Мысль прервалась, словно разделилась на бесчисленное число кусочков и разлетелась мелкими осколками. Инна угрюмо замолкла.
– Не воскрешай в себе грустное.
– Это по молодости болезни приходят и уходят. Незабываемые годы! А наши болячки теперь с нами до конца. И с каждым разом их все больше. Старость – могу сказать без всяких преувеличений, – если даже все в порядке, – печальное время. Она не для слабаков.

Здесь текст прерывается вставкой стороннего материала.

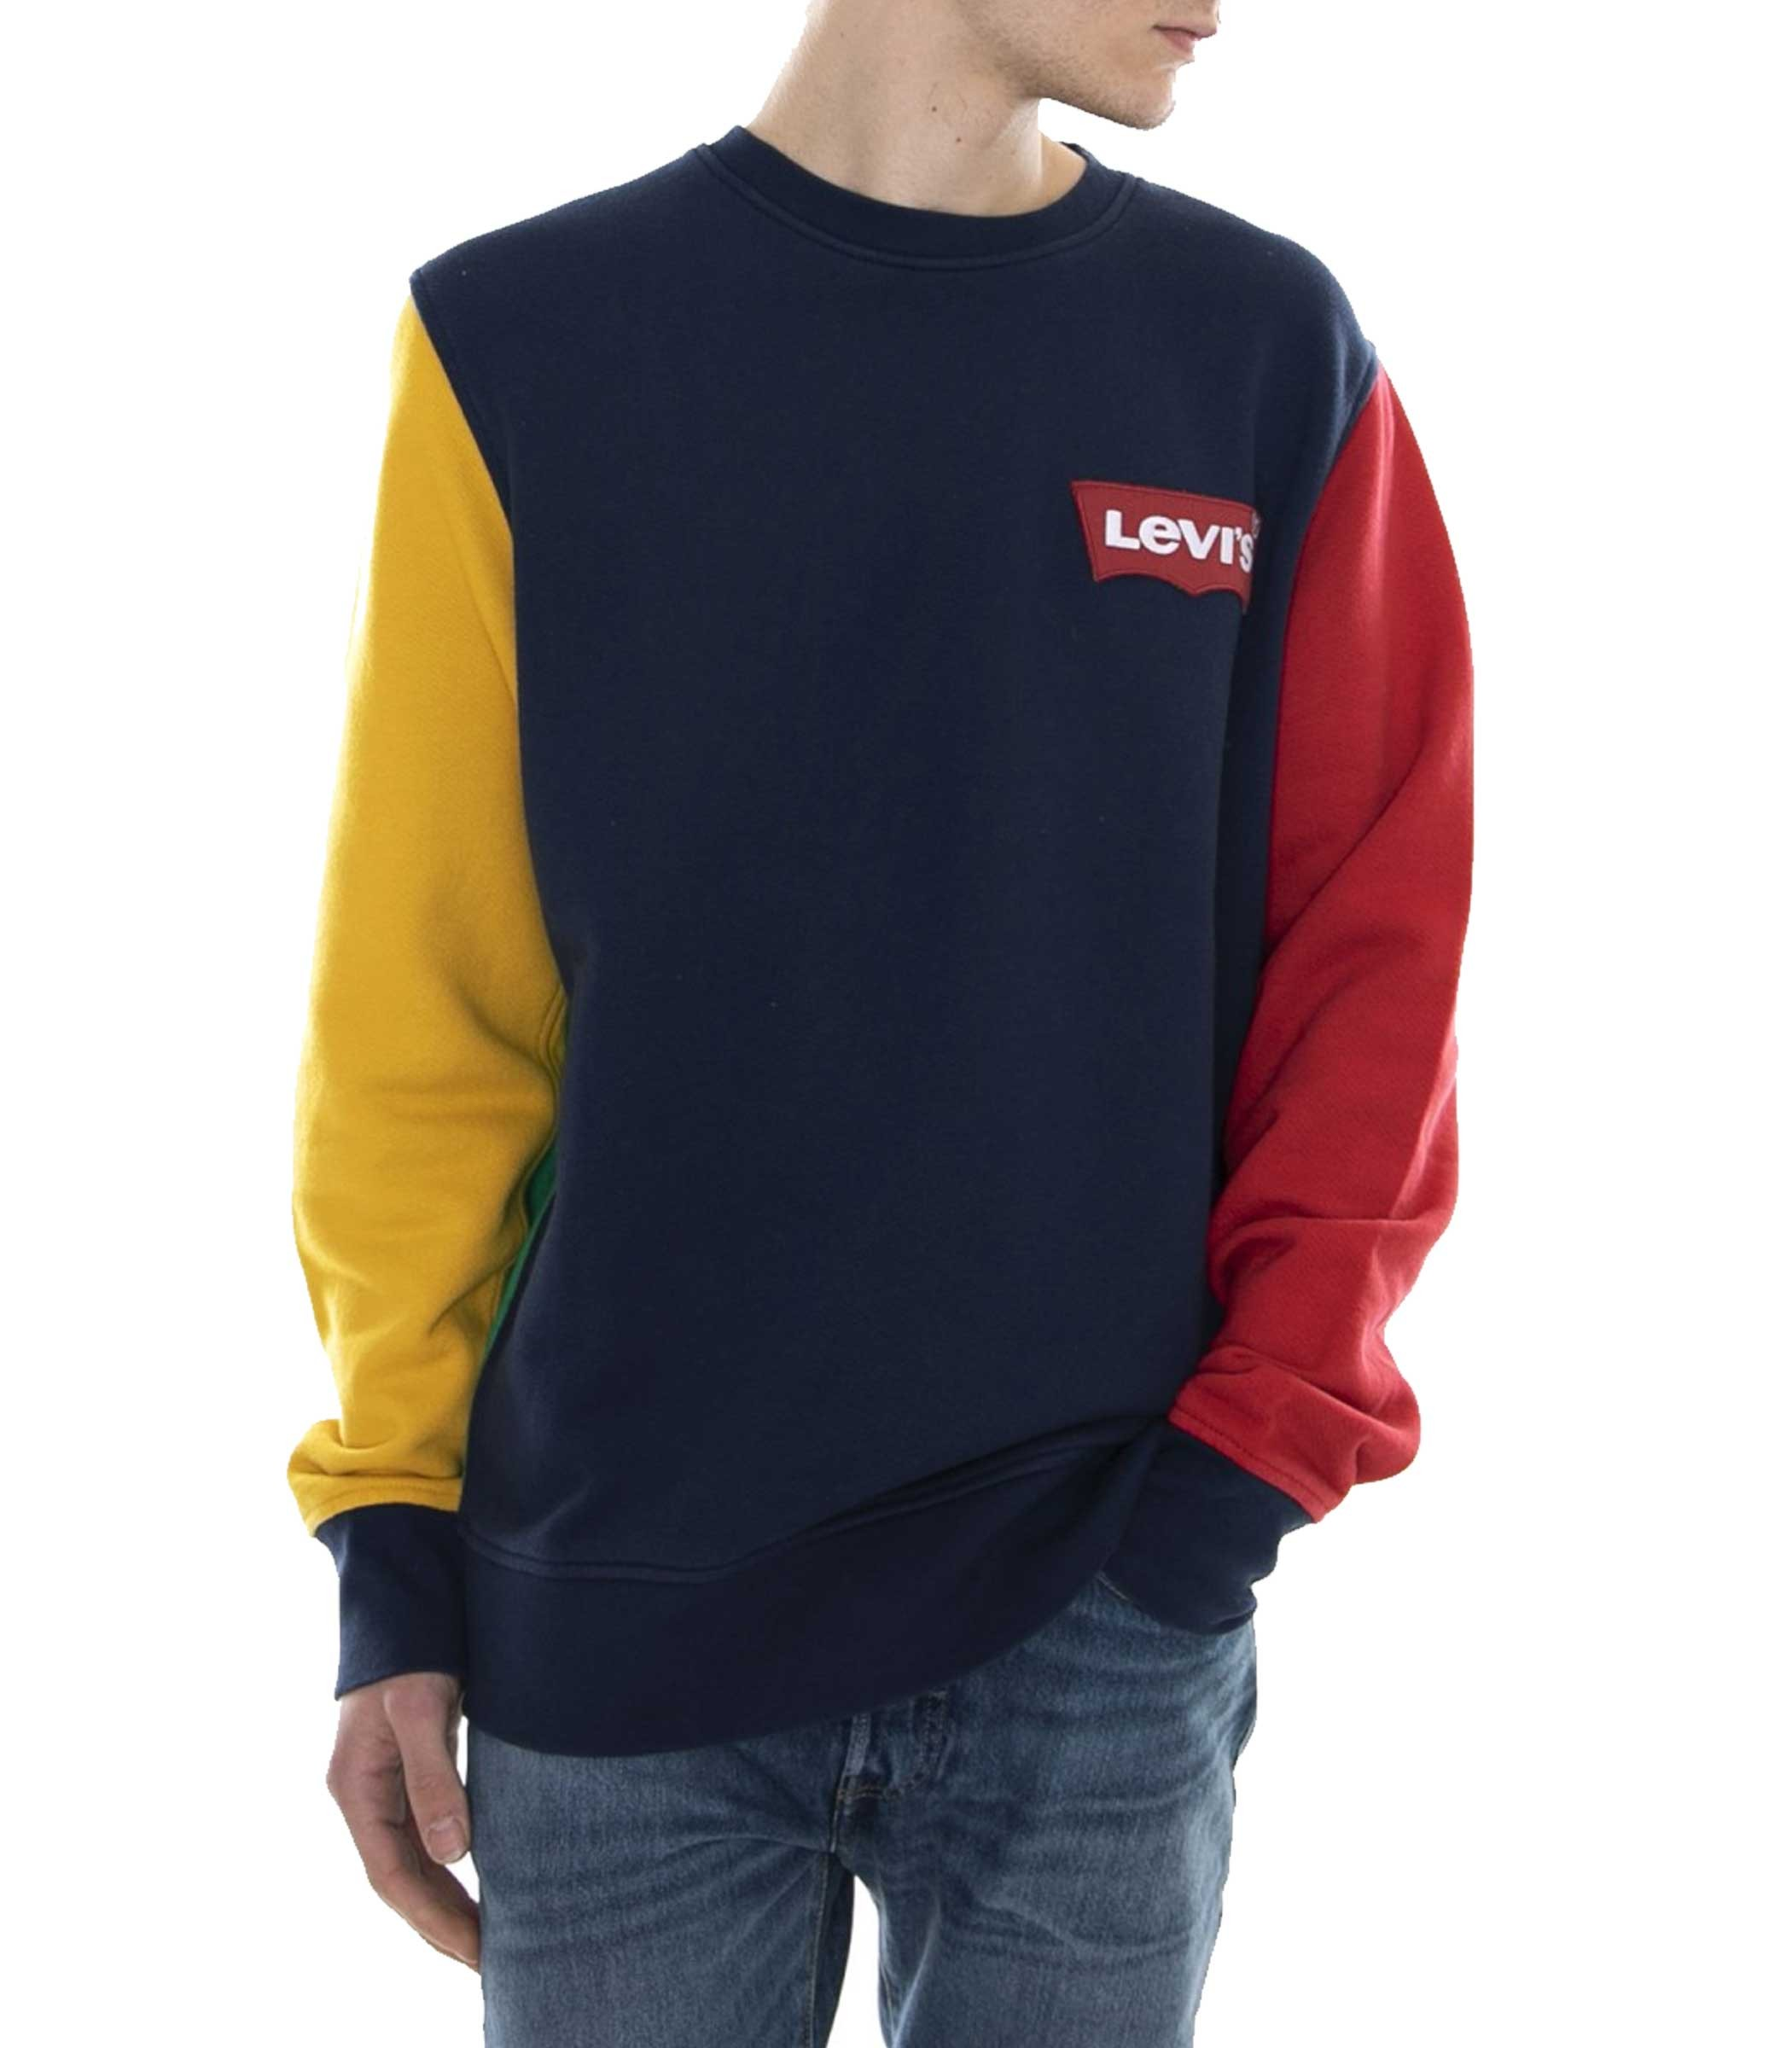 Felpa Levi s Modern Logo Crewneck Sweatshirt da uomo rif. 56606-0004 2194fda5e9b

– И во мне теперь куча болезней – последствий онкологии. Спина зудит, горит, суставы ломят. Когда приходится много ходить, ногу приволакиваю. Колени давно надо чинить, но все не до себя. Одно лечишь, другое калечишь. Делаю массаж спины – желудок взвывает. Наши болезни, как бомбы или гранаты, и неизвестно, какая из них и в какой момент может взорваться. Что меня убьет? Уж лучше бы от сердца, чем возврат… – вздохнула Лена.
– Я вот о чем подумала. Говорят, что старость – подарок, который надо заслужить. Разве Эмма ее не заслужила? Но доживет ли? И ведь не по своей вине. А Федька с его эгоизмом лет до девяноста протянет, а то и больше. За что? Он самый выигрышный билет из целой пачки вытащил? Разве я не достойна счастливой старости? Я больше его грешна? Ведь нет же? – спросила Инна и подумала: «Эмма – сильная личность. То, на что она решилась, требовало не меньшего мужества, чем поступок Лены. А может, и большего. Ежедневно преодолевать собственное психологическое сопротивление. И ведь сама подрядилась. Верность, измены, терпение – три разных проявления любви-нелюбви. Лена, Федор, Эмма. Три разные истории. Триптих называется. Потому что взаимосвязаны».